Stored records
........
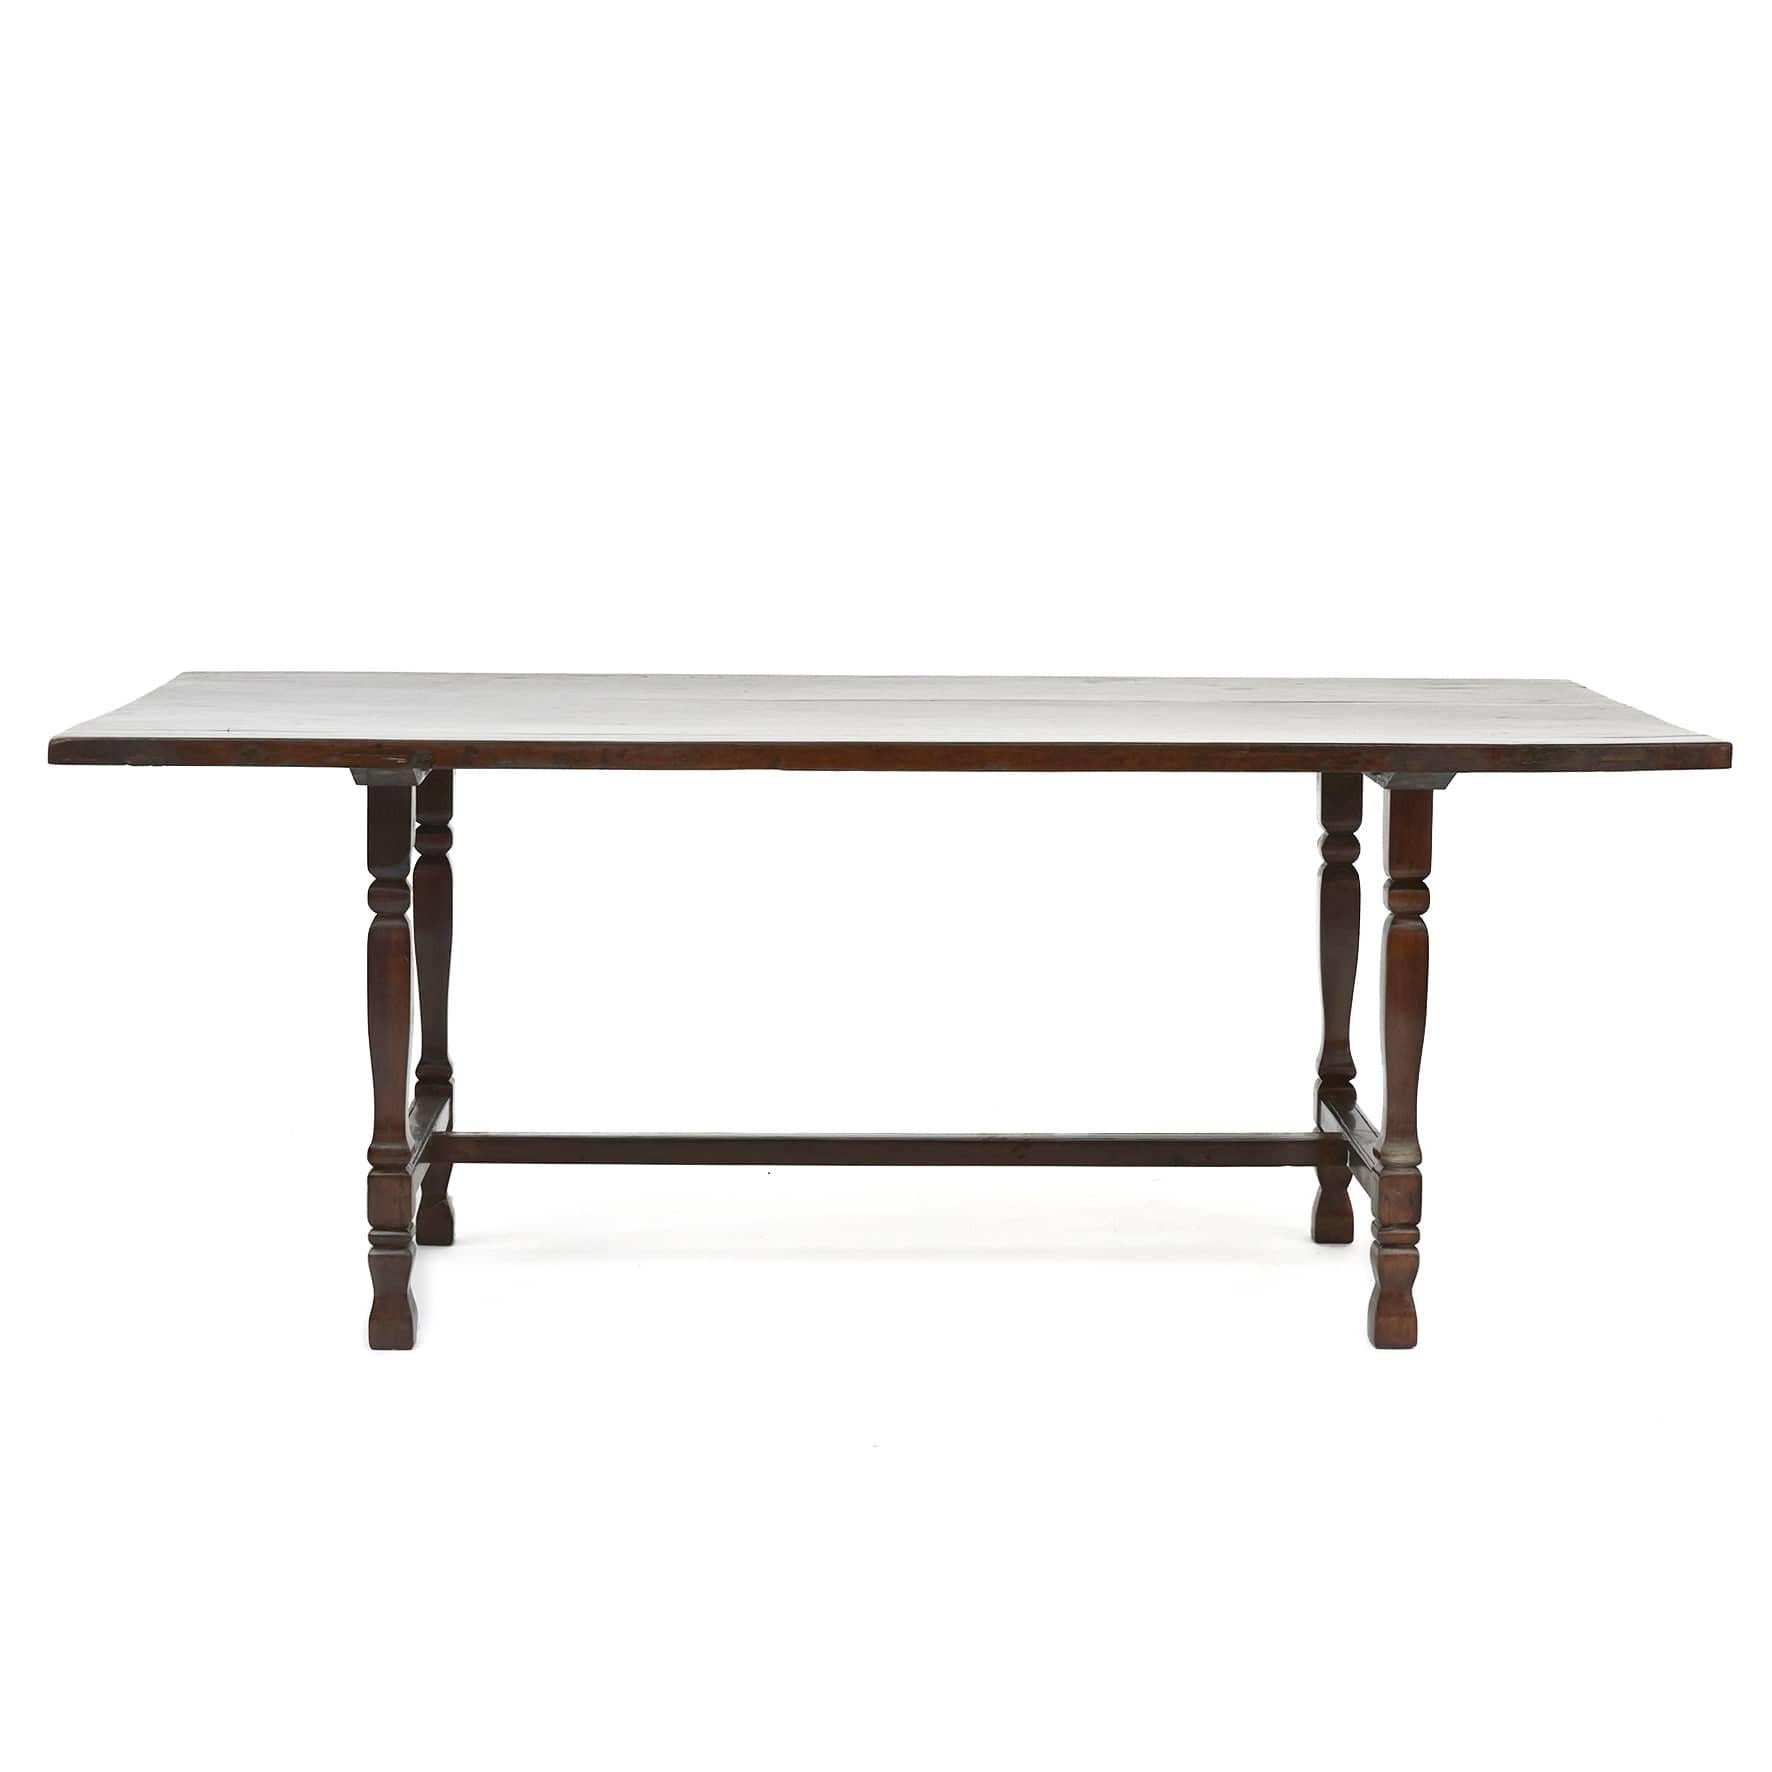 Langer Tisch aus Narra-Holz.
Holz mit einer schönen Maserung.
Die Tischplatte ist aus einem Stück Holz.

Von den Philippinen 1860 - 1880.
Der Nationalbaum der Philippinen ist heute geschützt.

Die Philippinen waren von 1565 bis 1898 eine spanische
........
*EXERCISE:*
Return the data word for word without its pictures.

*EXERCISE RESULT:*
 Langer Tisch aus Narra-Holz.
Holz mit einer schönen Maserung.
Die Tischplatte ist aus einem Stück Holz.

Von den Philippinen 1860 - 1880.
Der Nationalbaum der Philippinen ist heute geschützt.

Die Philippinen waren von 1565 bis 1898 eine spanische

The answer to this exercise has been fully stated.